From an interview about the book, he answers:

Q: You lead with Shakespeare’s King Lear saying mental illness is ‘the excellent foppery of the world, that when we are sick in fortune…we (blame) the sun, the moon and the stars.’

A: Four hundred years later, it’s still true, but we blame psychology instead of astrology. We call it progress. Literature is far more illuminating into the human condition than psychology could ever hope to be.”

The book looks fascinating:

In Admirable Evasions, Theodore Dalrymple explains why human self-understanding has not been bettered by the false promises of the different schools of psychological thought.
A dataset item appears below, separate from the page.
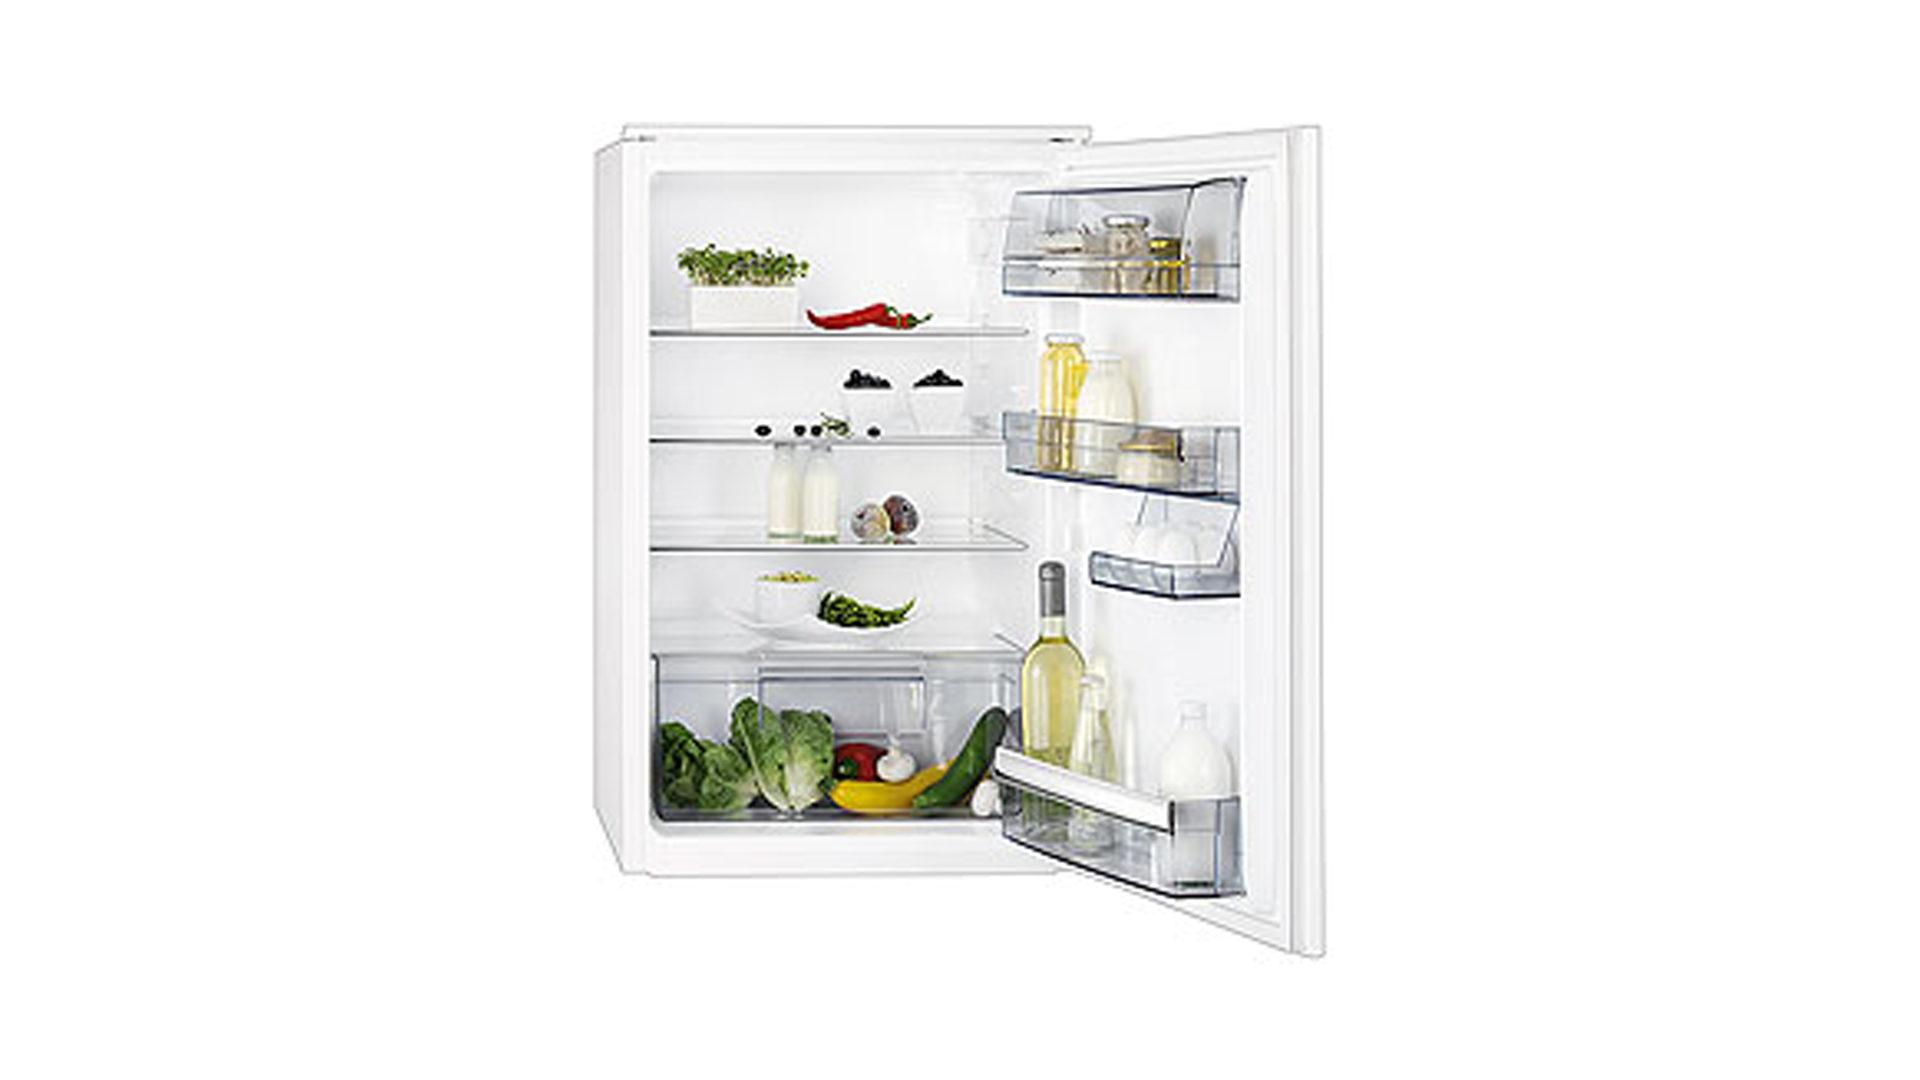 Aeg Kühlschrank Temperatur : Wohnland breitwieser markenshops kühlschränke aeg aeg

Most psychological explanations of human behavior are not only ludicrously inadequate oversimplifications, argues Dalrymple, they are socially harmful in that they allow those who believe in them to evade personal responsibility for their actions and to put the blame on a multitude of scapegoats: on their childhood, their genes, their neurochemistry, even on evolutionary pressures.

Dalrymple reveals how the fashionable schools of psychoanalysis, behaviorism, modern neuroscience, and evolutionary psychology all prevent the kind of honest self-examination that is necessary to the formation of human character. Instead, they promote self-obsession without self-examination, and the gross overuse of medicines that affect the mind.

Admirable Evasions also considers metaphysical objections to the assumptions of psychology, and suggests that literature is a far more illuminating window into the human condition than psychology could ever hope to be.